Research has suggested more people stay for longer in Bowthorpe, leading to three generations of the same family living in the area.
And Miss Simpson said the community spirit was still strong. She said this was aided by the community groups and village halls, plus the church housing six denominations. Her brother Ray was licensed as Bowthorpe’s first full-time minister for nearly 200 years in 1978. Miss Simpson said Bowthorpe News, the community magazine she edits, also aims to be posted through the letterbox of every property. She said: “We still try to make sure in every single road in Bowthorpe there is somebody that cares for their street. That doesn’t always happen, but in quite a lot of places they will notice if someone is new and welcome them.”
Of the Three Score proposals, Miss Simpson said: “There does need to be very careful planning for that. It should go back to the master plan, which states that in Three Score there’s a school. I think that’s unlikely to happen.”
Documents from 1978 stated the new Bowthorpe development would house 13,649 people in 5,208 properties. Census data from 2011 shows there were 11,683 people living in 4,907 properties in the council’s Bowthorpe ward.
The council’s profile of Bowthorpe, based on a range of sources including police and Office of National Statistics figures, shows the crime and anti-social behaviour rates are lower than the Norwich average. But this does not stop people feeling slightly less safe in Bowthorpe at night compared to the rest of the city, the data adds.
There is a higher proportion of residents of the area who have no qualifications, although Bowthorpe beats the city average for the percentage of pupils passing five GCSEs, including English and Maths – 52.21pc compared to the 48.05pc in the city in 2011.
Life expectancy is 81.4 years for females living in Bowthorpe, compared to 83.2 years in Norwich.

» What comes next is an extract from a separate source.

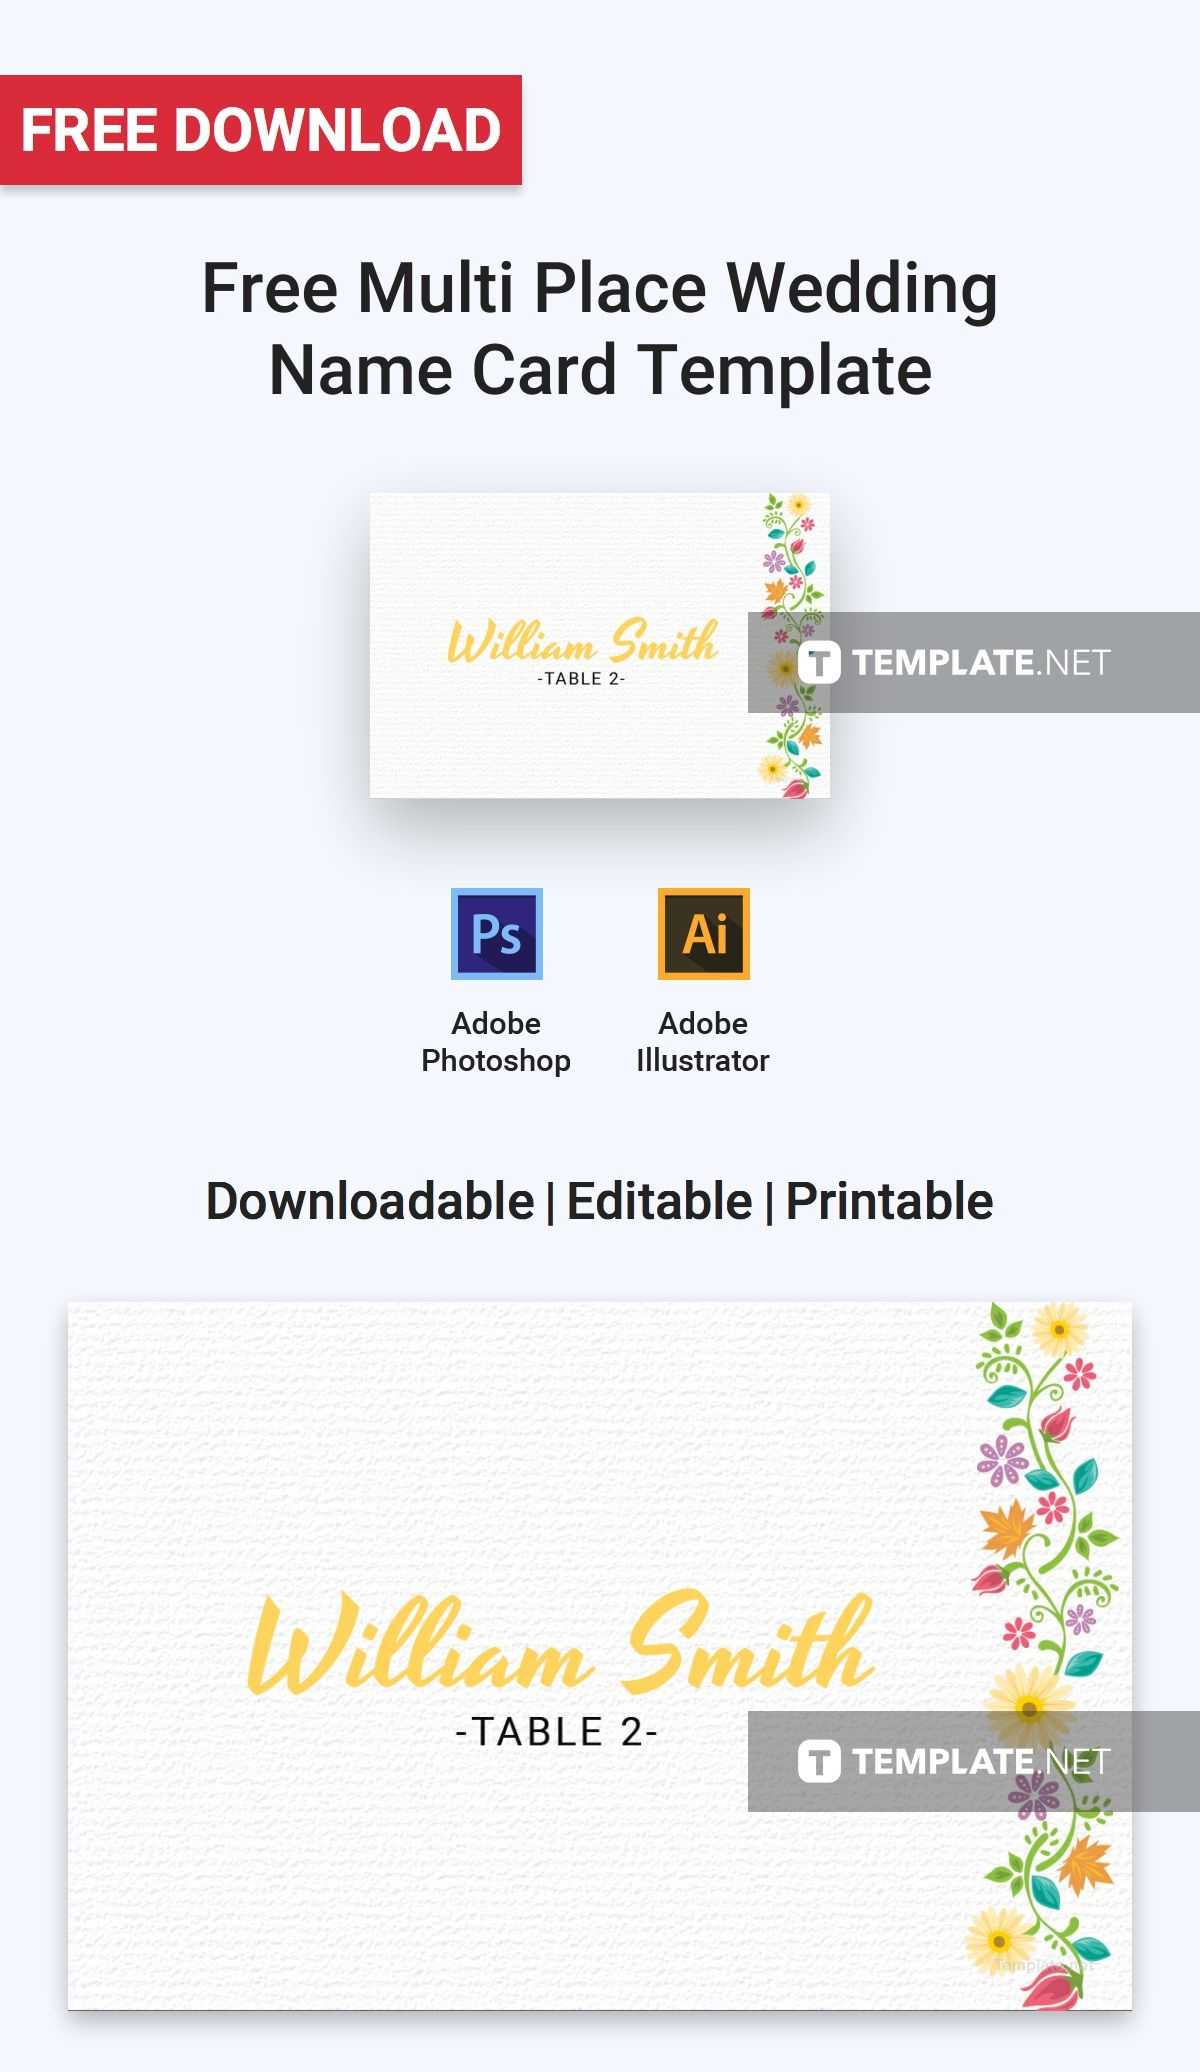 Free Multi Place Wedding Name Card | Card Templates With Table Name Cards Template Free
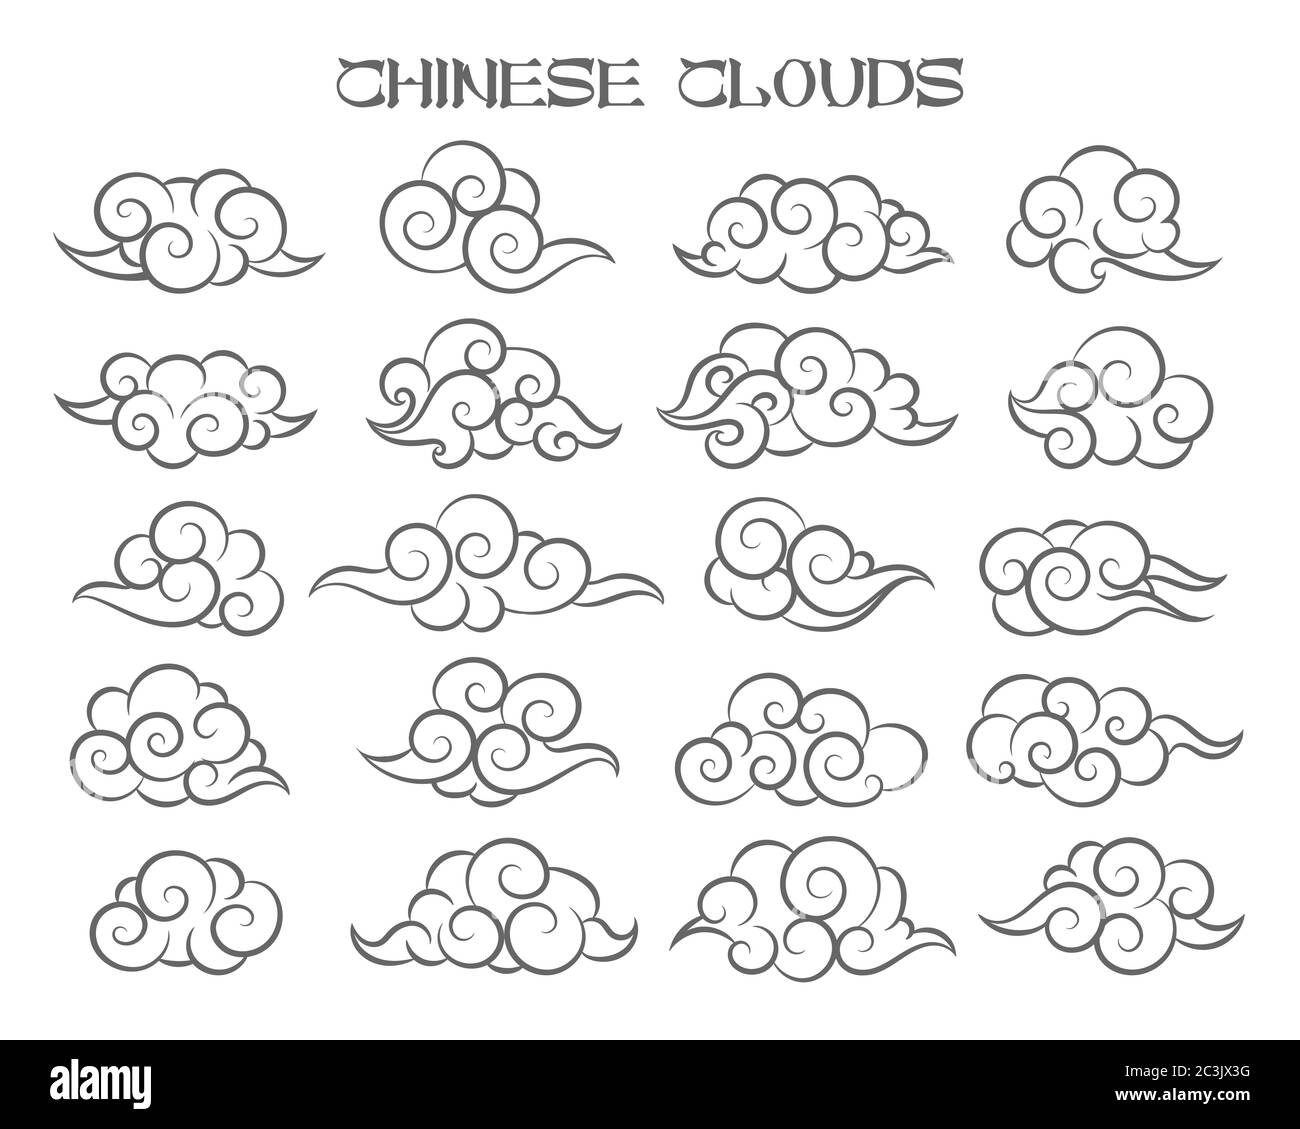 Collection of Hand Drawn Asian Clouds. Vector illustration. Stock Vector

For Bowthorpe men, they can expect to live to 75.1 years, while in Norwich it is 77.7.
Beyond the numbers, Bowthorpe county councillor Paul Wells said: “It’s had a bumpy past, but as a community it has a lot more going for it than most people realise. There’s not very many places where you can be in the city in 20 or 30 minutes on a bus and be in beautiful fields in five minutes. It’s not unfair to say Bowthorpe has an unwarranted reputation.
“You do hear people say they think Bowthorpe is a rough area – but it’s a nice peaceful area with good community spirit centred around the Bowthorpe Centre and local shops.
“I think it’s one of those places that if people knew more about it, they would want to live here. That’s why so many people come to Bowthorpe and don’t leave.”
Mr Wells, of Chapel Break, said the development of the university, research park and the Norfolk and Norwich University Hospital had had an impact and could increase the opportunities for people living in the area. He added: “It will be a strange day if these proposed houses [at Three Score] are built – as that’s the day Bowthorpe stops being a work in progress.”